For some money managers, zero-coupon bonds are good instruments to buy as long as interest rates are falling and you need to lengthen duration.
Jeremy Ragus, portfolio manager with Scudder Kemper Investments, sees these securities more as an opportunistic trading vehicle. And the current market characteristics - narrow spreads and stable-to-flat interest rates - are not the best of conditions.
"The spreads have narrowed, they've disappeared," said Ragus, who runs the tax-exempt department at Scudder Kemper. "We used to buy them when there was a certain spread off of comparable insured bonds, and then sell them when they got narrow. But (spreads) narrowed in and stayed narrow."
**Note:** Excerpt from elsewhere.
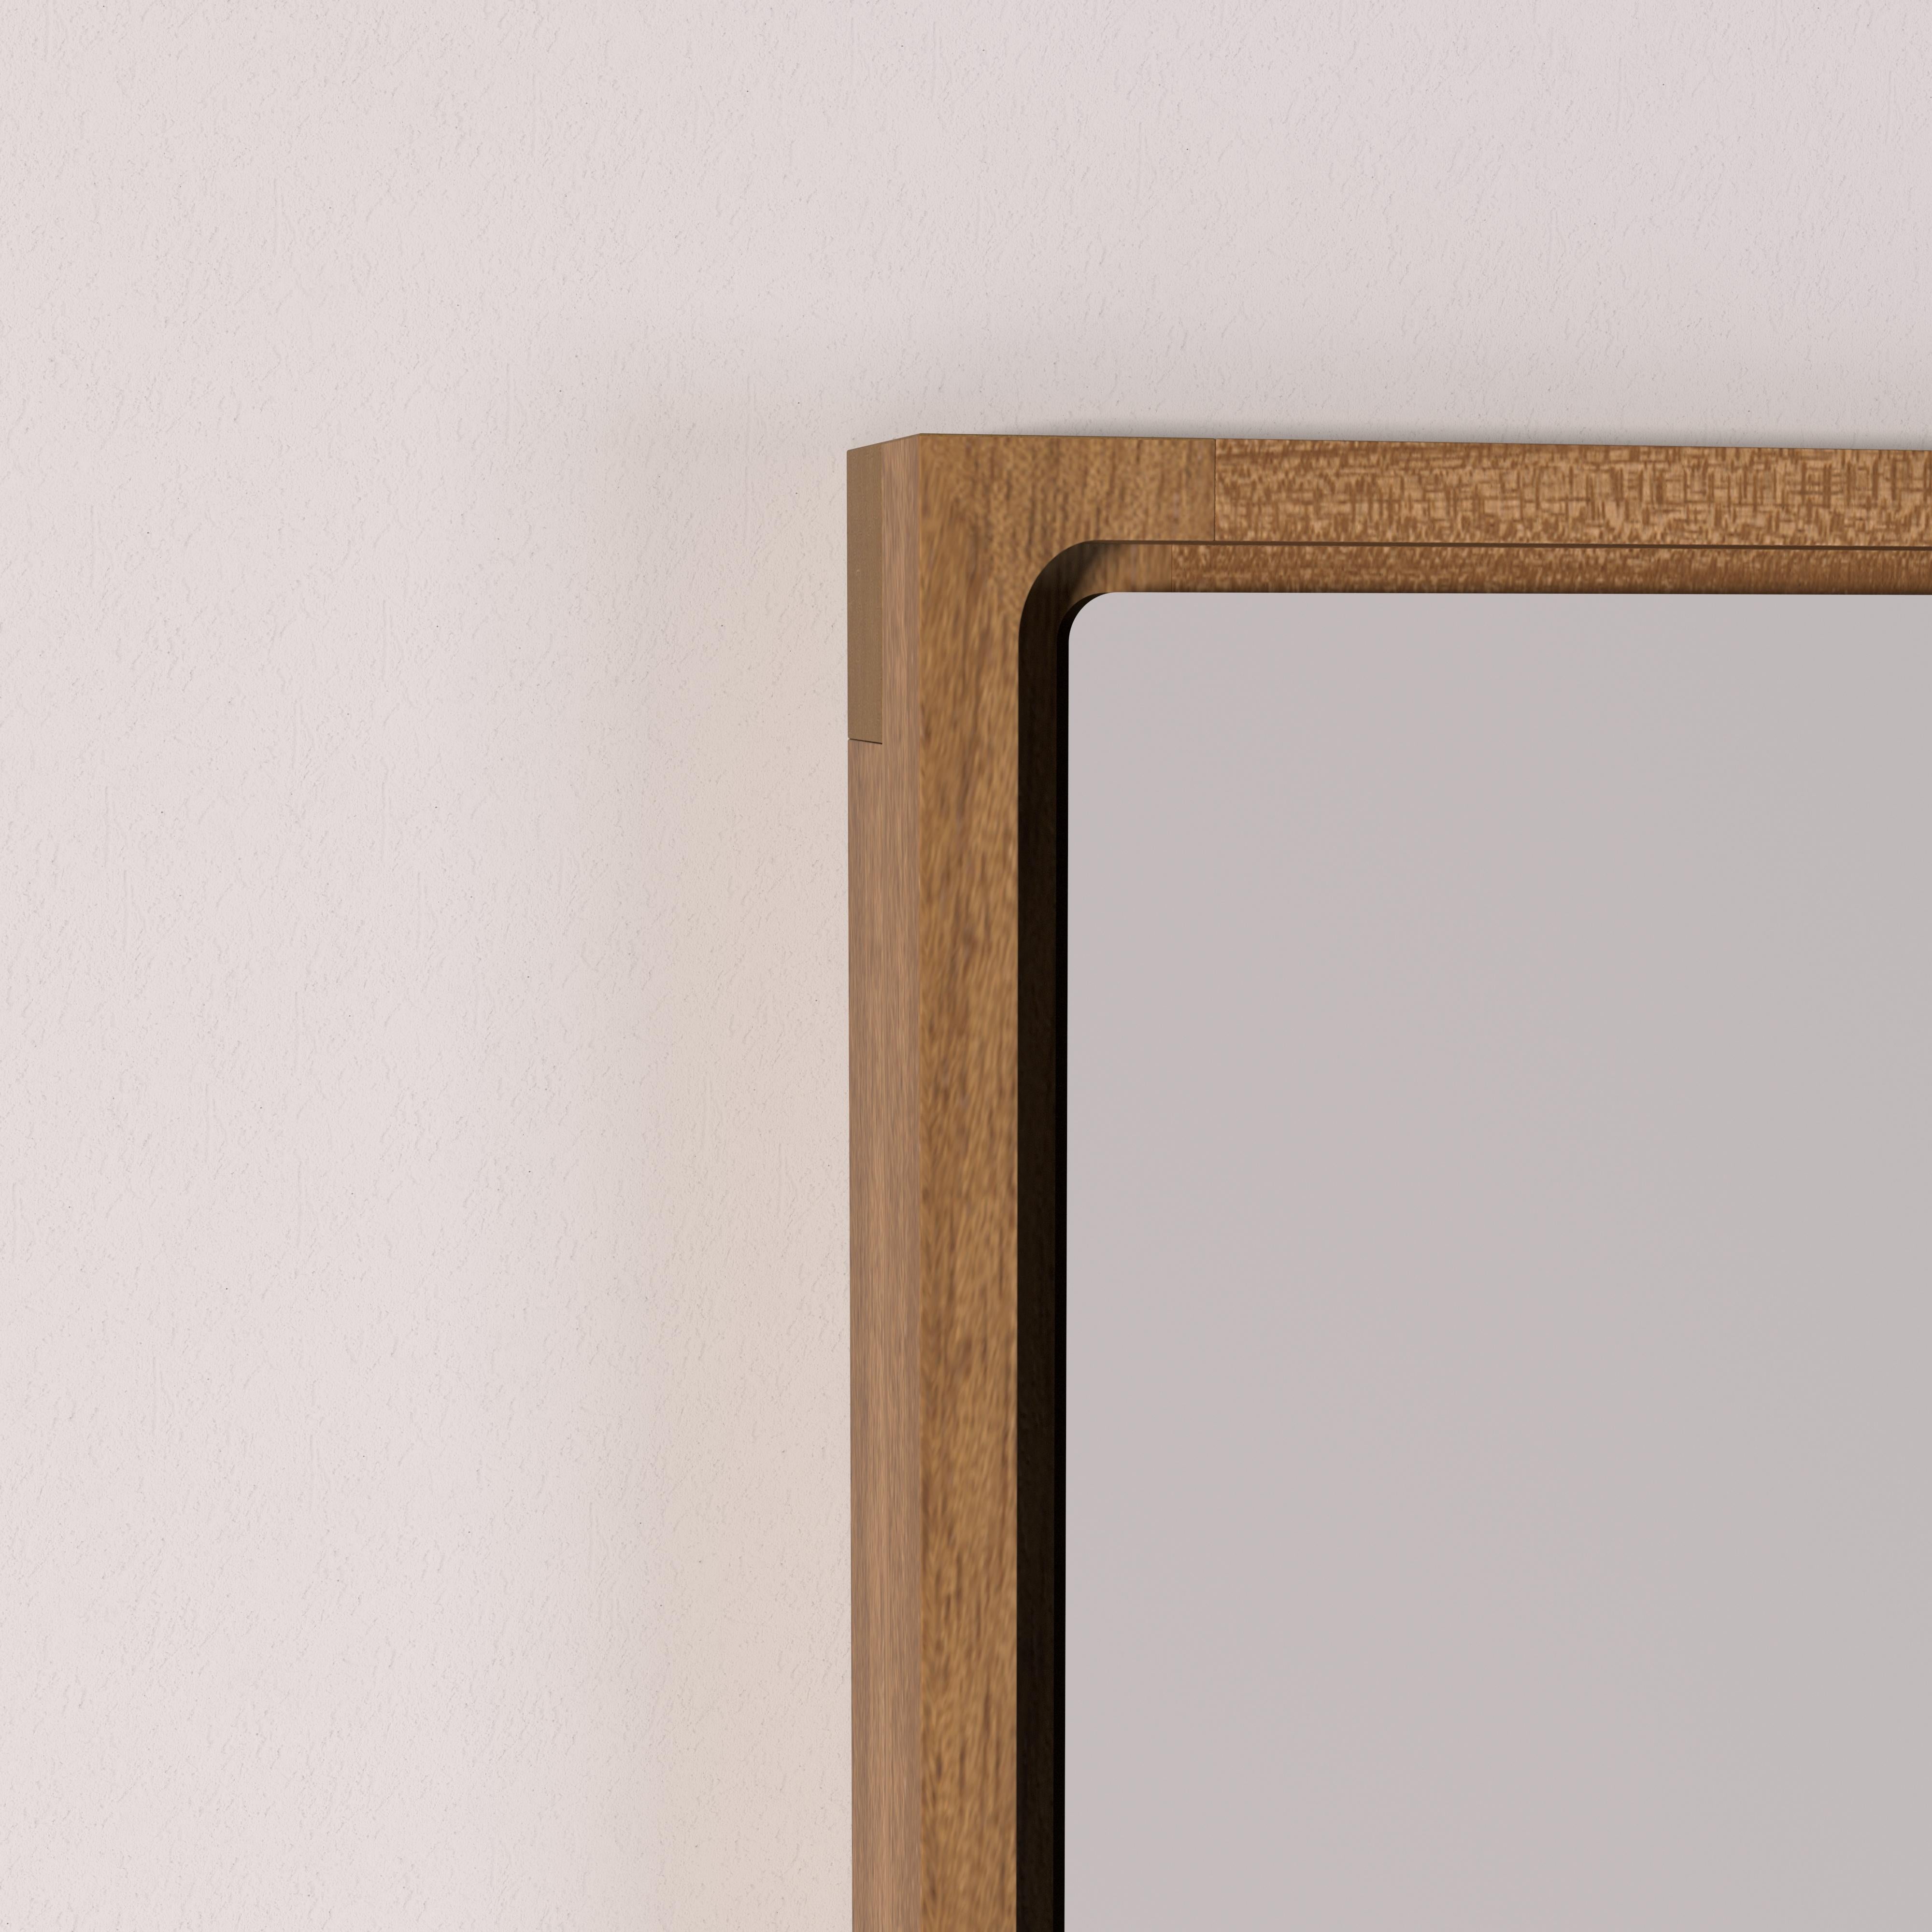 Elegant and simple, it brings the carpenter's meticulous work to the solid wood frame held in place by the classic half-lap insert. This one with the beautiful detail made in the router for the placement of the centralized mirror, giving a feeling

Ragus is less sanguine about the value of zero-coupon bonds because of his more cautious long-term outlook for the fixed-income market in general and on municipals in particular. He sees interest rates fairly stable, and anticipates both tax-exempt issuance and demand for new offerings will be tempered this year.
"When you really get bullish, you buy zeros," he said. "Right now, I'm sort of in a neutral stance."
Like other fund managers, Ragus said he uses zeros on a "relative-value basis," only buying them if they are cheap to current coupon bonds.
At that time, "they're worth buying, because then they narrow to coupon bonds, and you can get some outperformance out of them," he said. "They're a very efficient way to buy duration when you want to extend, and you sell them when you want to shorten duration."
He also noted that zero-coupons were not suitable for all institutional investors, such as those who are focused more on distributable yield, since zeros do not have current coupons.
Ragus would not comment on the current and former positions of Scudder Kemper's zero-coupon bonds, citing company policy.